Само шествие осеней пяти гор заключает в себе шест – мировой отвес первотворения. К тому же шествие – с посохом солнца. Лучи зажигают деревья осенним золотом. Ветки молят людей о ненужности меры, линейки шеста, потому что люди и деревья – равны; природно соразмерны: люди умирая, прорастают травами и деревьями, а затем, съедая их плоды, опять уходят в глубь земли – извечная хлебниковская тема. Но дух нескончаемых войн и гибель здесь Лермонтова вписаны в горный ландшафт кривым росчерком бритвы. Здесь царствует умирание. Но полное ли? Само имя Бештау аукается с миром. Рифменное эхо “Ау” пятиглавого силуэта Бештау (тюрк. “пять гор”) вдруг превращается в “запись далекого звука” “в передаче иглой”. Необходимо, по Хлебникову: “Рассматривать землю как звучащую пластину…” (V, 161). Бештау записывает звуки на себе, на той же “грубой кривой” гор, что сулила смерть и разрушение. И на этой записи возвращается жизнь – “Жилою была / Горная голоса запись”.

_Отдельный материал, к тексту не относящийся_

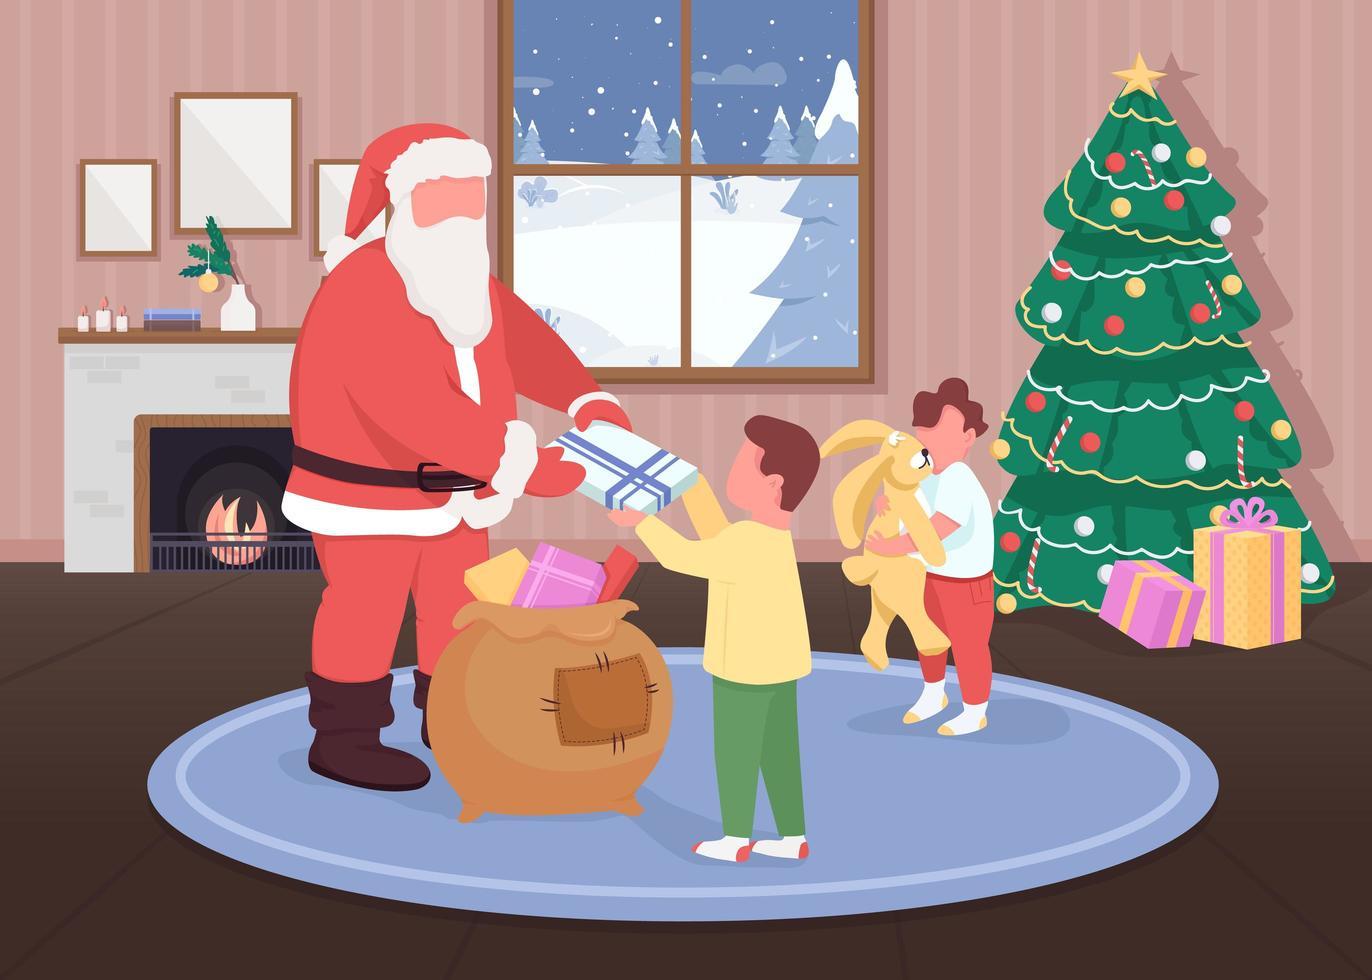 santa ger gåvor till barn vektor

Музыкальная тема оживает золотым мерилом таланта, шелестом листьев-монет, светлыми птичьим щебетом, кипучими водными и скрипичными ключами – смерть переходит в “смех и пение”. Преображаются и горы. “Две Жучки” – это народная этимология местных названий двух вершин пятиглавого Бештау – Юца и Джуца. Но на вопросы, кто приласкает этих псов и кому они протянут лапу? – есть совершенно конкретный ответ – Хозяину, Творцу, Мастеру. Самая знаменитая фирма, выпускавшая граммофоны и пластинки, называлась “His master’ s voice” – “Голос его хозяина” и ее не менее знаменитой маркой, клеймом, меткой было изображение собаки-фокстерьера, слушающей трубу граммофона.
III
В каком-то мире двигалась игла…
Иосиф Бродский
Le p? le attire ` a lui sa fidele cit? …
Ф.И.Тютчев
Начнем мы с пастернаковского стихотворения “Полярная швея”:
I
На мне была белая обувь девочки
И ноябрь на китовом усе,
Последняя мгла из ее гардеробов,
И не во что ей запахнуться.
Ей не было дела до того, что чучело –
Чурбан мужского рода,
Разутюжив вьюги, она их вьючила
На сердце без исподу.
Я любил оттого, что в платье милой
Я милую видел без платья,
Но за эти виденья днем мне мстило
Перчатки рукопожатье.
Еще многим подросткам, верно, снится
Закройщица тех одиночеств,
Накидка подкидыша, ее ученицы,
И гербы на картонке ночи.
II
И даже в портняжной,
Где под коленкор
Канарейка об сумерки клюв свой стачивала,
И даже в портняжной,- каждый спрашивает
О стенном приборе для измеренья чувств.
Исступленье разлуки на нем завело
Под седьмую подводину стрелку,
Протяжней влюбленного взвыло число,
Две жизни да ночь в уме!
И даже в портняжной,
Где чрез коридор
Рапсодия венгерца за неуплату денег,
И даже в портняжной,
Сердце, сердце,
Стенной неврастеник нас знает в лицо.
Так далеко ль зашло беспамятство,
Упрямится ль светлость твоя –
Смотри: с тобой объясняется знаками
Полярная швея.
Обводит глаза лазурью лакомой,
Облыжное льет стекло,
Смотри, с тобой объясняются знаками…
Так далеко зашло.
(I, 460-461)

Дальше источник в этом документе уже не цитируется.